Output only the lines below from the one containing "Artificial Funeral Arrangements" to the one containing "dsc 8529 เยี่ยมชมบูธ", exactly as written, both ends kept.

Data records =>
=-=-=
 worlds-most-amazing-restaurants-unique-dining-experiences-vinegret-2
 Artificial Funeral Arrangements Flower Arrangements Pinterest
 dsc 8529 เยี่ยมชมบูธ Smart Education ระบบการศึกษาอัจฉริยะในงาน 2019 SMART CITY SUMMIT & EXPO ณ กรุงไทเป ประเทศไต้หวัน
=-=-=
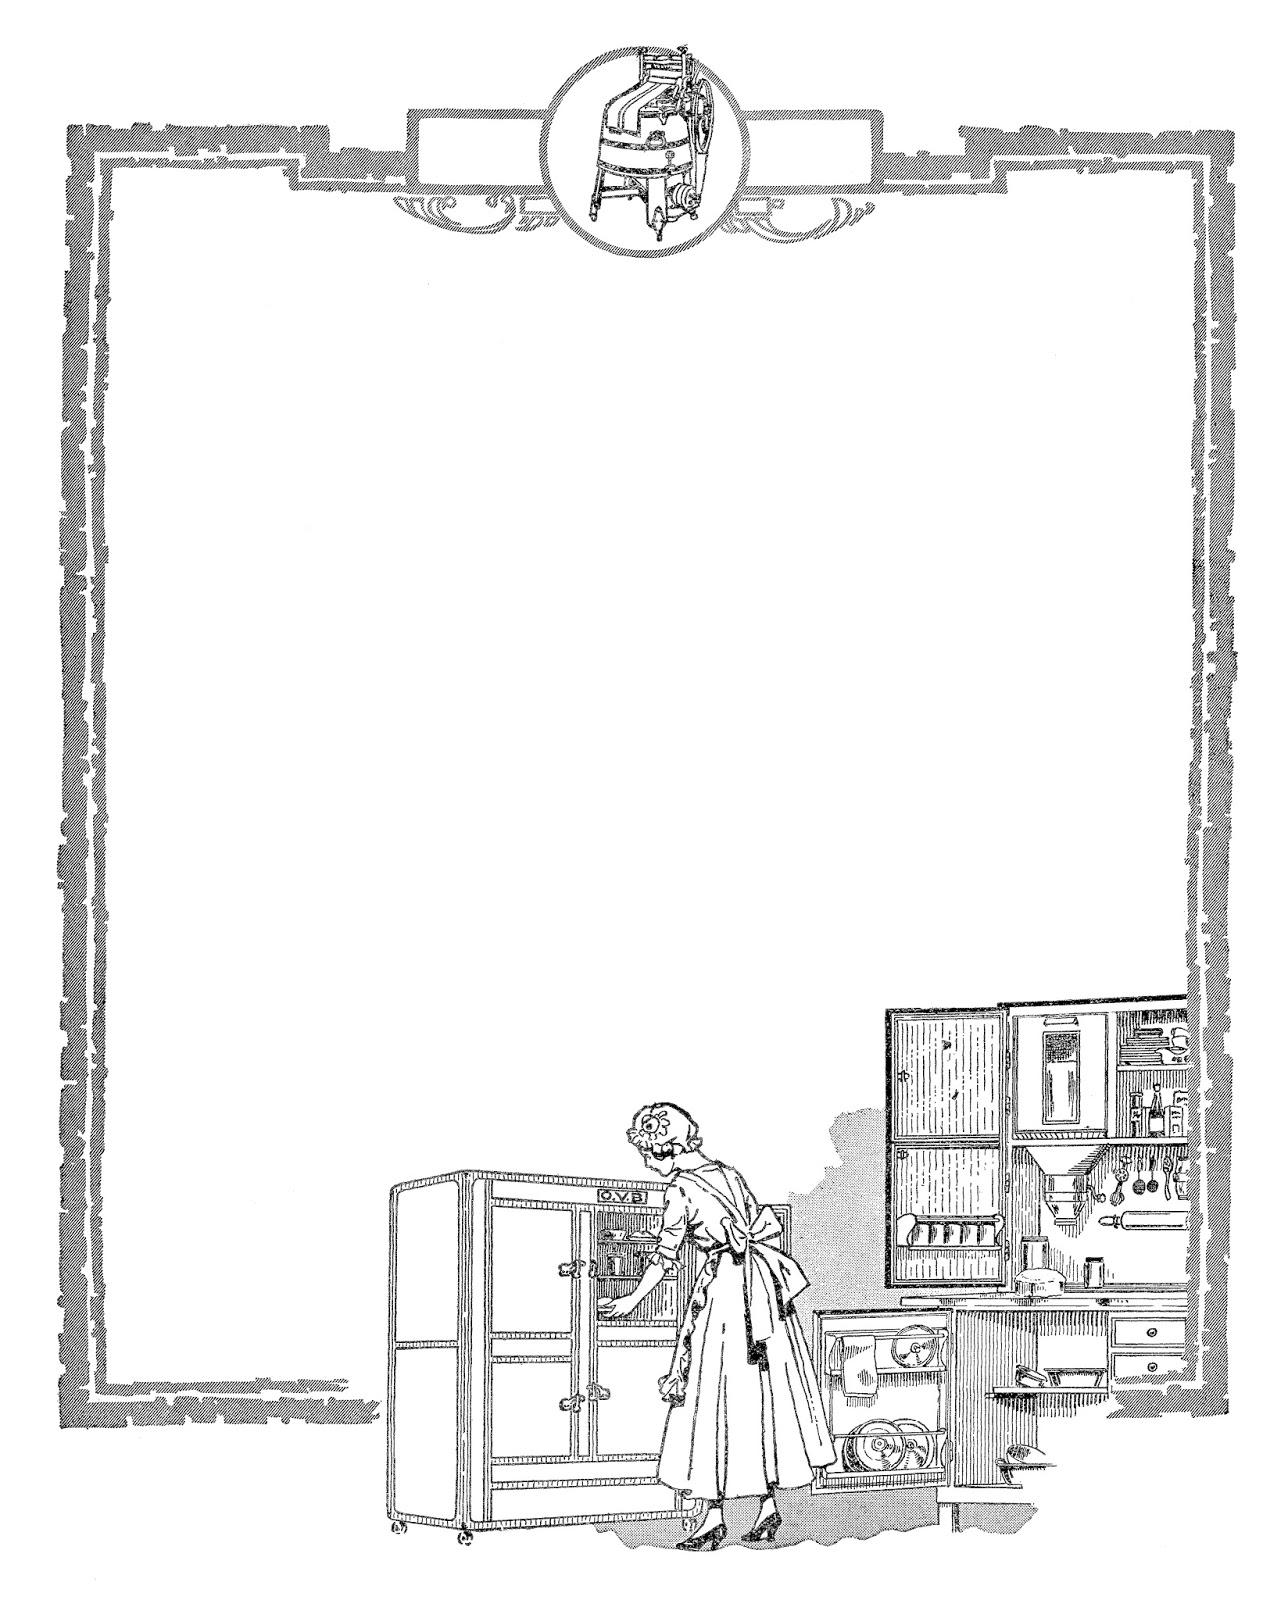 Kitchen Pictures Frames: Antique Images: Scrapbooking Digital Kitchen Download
=-=-=
Reply to the exercise =>
 Artificial Funeral Arrangements Flower Arrangements Pinterest
 dsc 8529 เยี่ยมชมบูธ Smart Education ระบบการศึกษาอัจฉริยะในงาน 2019 SMART CITY SUMMIT & EXPO ณ กรุงไทเป ประเทศไต้หวัน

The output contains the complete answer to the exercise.